Judicial ideology in the UK Supreme Court
To speak of “judicial ideology” in the UK context may immediately raise eyebrows. To be clear, I am not at all suggesting that judging on the UKSC can be meaningfully compared to judging on, say, the US Supreme Court. The reasoning adopted on the UKSC is nowhere near as nakedly ideological and partisan when compared to its SCOTUS counterpart. But I am proposing that judges, including Supreme Court judges, will hold a set of beliefs about contentious constitutional questions – about the relationship between organs of the state and the proper role of the judges: how much leeway should be given to the executive in judicial review cases? How far should judges develop the common law? Are there any circumstances, however rare, in which the validity or effect of an Act of Parliament might be questioned? Once it is accepted that judges will hold such beliefs, it is difficult to argue that said positions will not influence the way they decide cases, in one way or another. In short, it is argued that this bundle of judicial preferences on contested constitutional questions – call it judicial ideology – will necessarily be one factor (not necessarily the sole, nor even most significant factor) in judicial decision making.
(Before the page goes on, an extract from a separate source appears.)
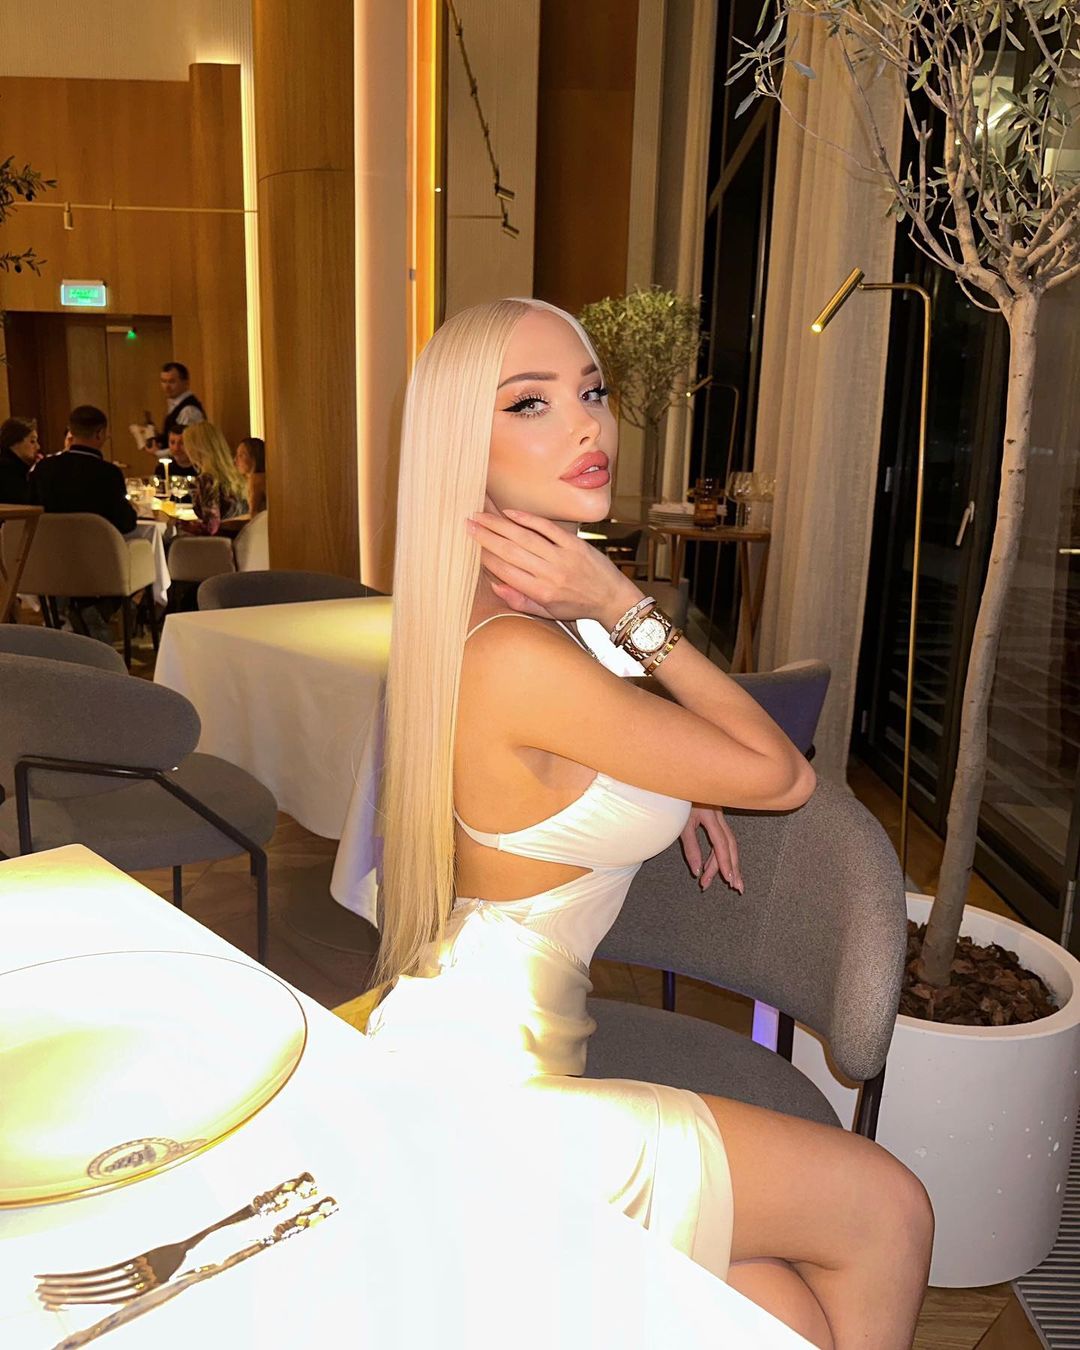 Angelina brezhenskaya 12 hottest pics, angelina brezhenskaya 12 instagram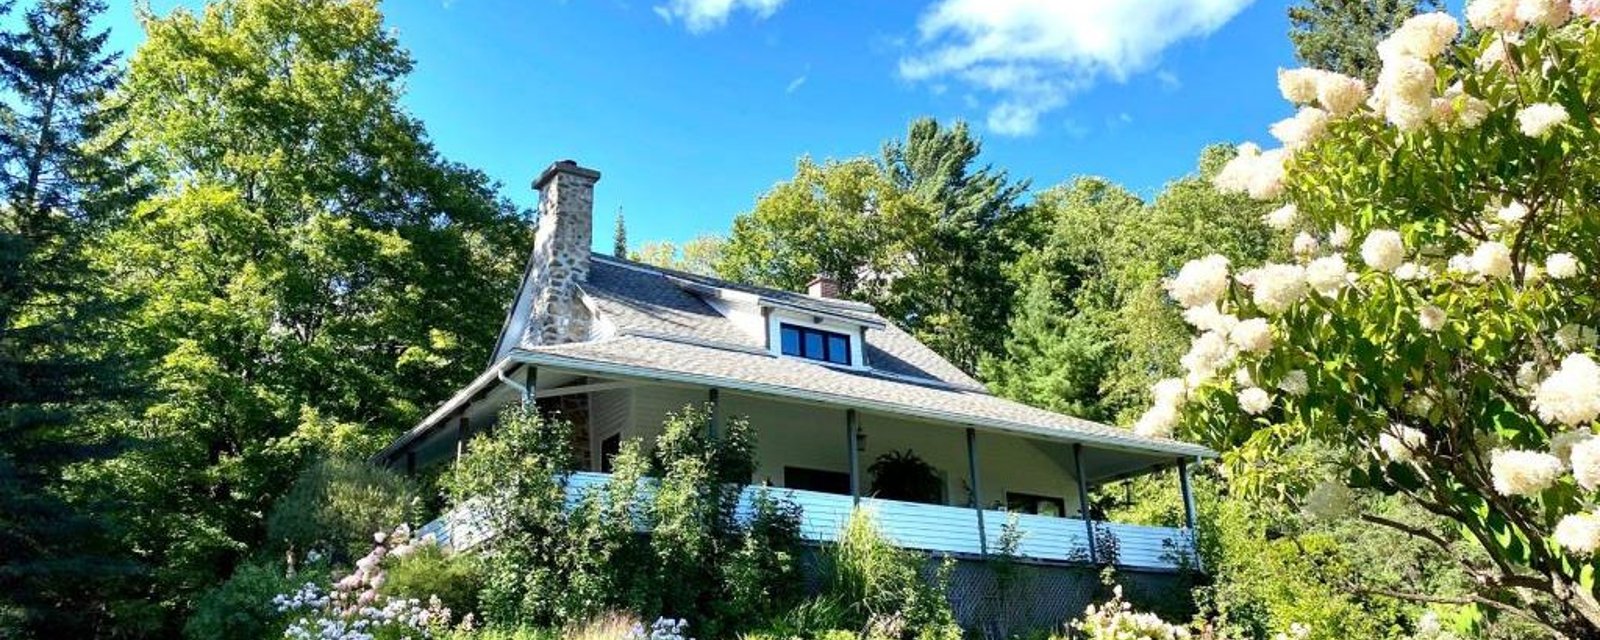 Cottage au cachet centenaire entouré de nature dans les Laurentides

The obvious implication, then, is that it matters which judges, and which judicial philosophies, make it to the Supreme Court. Different judges, holding different judicial ideologies, may decide cases differently (or, in some instances, arrive at the same outcome through the application of very different reasoning). This is not some fringe realist view. In the 2025 Constitution Committee inquiry, Lord Waldegrave asked Lord Reed whether “it is inevitable… that who is appointed to the Court… matters”. Reed answered in the affirmative.
Judicial ideology in the current Supreme Court
Elsewhere (see e.g. here and here), I have argued that the Supreme Court, under the leadership of Lord Reed, has exhibited a notably more conservative, restrained judicial ideology than some of its earlier incarnations. I am not the only one to have noted this: see e.g. Gearty, Tomkins, Ekins and Lady Hale.
Indeed, Lord Reed’s comments in various Constitution Committee evidence sessions are revealing in this respect. Unlike some of his former colleagues, he advocates for a “thin” rather than “thick” conception of the rule of law, warning against the adoption of an overly “broad meaning” which encompasses compliance with human rights standards and international law rulings (2025 session, 2026 session). He also made it clear, in this respect, that in his view the rule of law cannot act as a restraint on the content of laws passed by the legislature. This, of course, reflects Reed’s own position in the Privacy International case. But, whilst framed as self-evidently correct, it is a position with which at least three of his former colleagues would disagree. Another interesting comment was made in the 2025 session: Reed suggested that when it comes to developing the common law, judges should move forward “incrementally” and only in “small steps”. However, he acknowledged that this view, too, is not necessarily shared by all Supreme Court judges: “there are occasionally judges who are more ambitious” (2025 session).
Reed also acknowledged that, in addition to there being differences between individual judges when it comes to judicial ideology, there had been something of a shift away from the more “ambitious” judging he described above. He acknowledged that he was keen to ensure “that we [the UKSC judges] understood the limits of our role” under his leadership (2026 session). He admitted that “what has been… more evident in our [recent] judgments is greater respect for the separation of powers” (2022 session). In a discussion in the 2025 session, Lord Waldegrave asked Reed whether he agreed that there had been a reduction of judicial activism on the Court in recent years. His answer was that “there have been changes in judicial personnel over the years” which contributed to this change. Whilst he qualified his answer – “I do not think the prevailing view has changed very much” – he acknowledged that “there were judges on the Court in the past who took a more expansive view of the Court’s constitutional function than is certainly the prevailing view at the moment”. It seems, then, that even Lord Reed himself accepts that the current Supreme Court is more conservative and restrained than it once was.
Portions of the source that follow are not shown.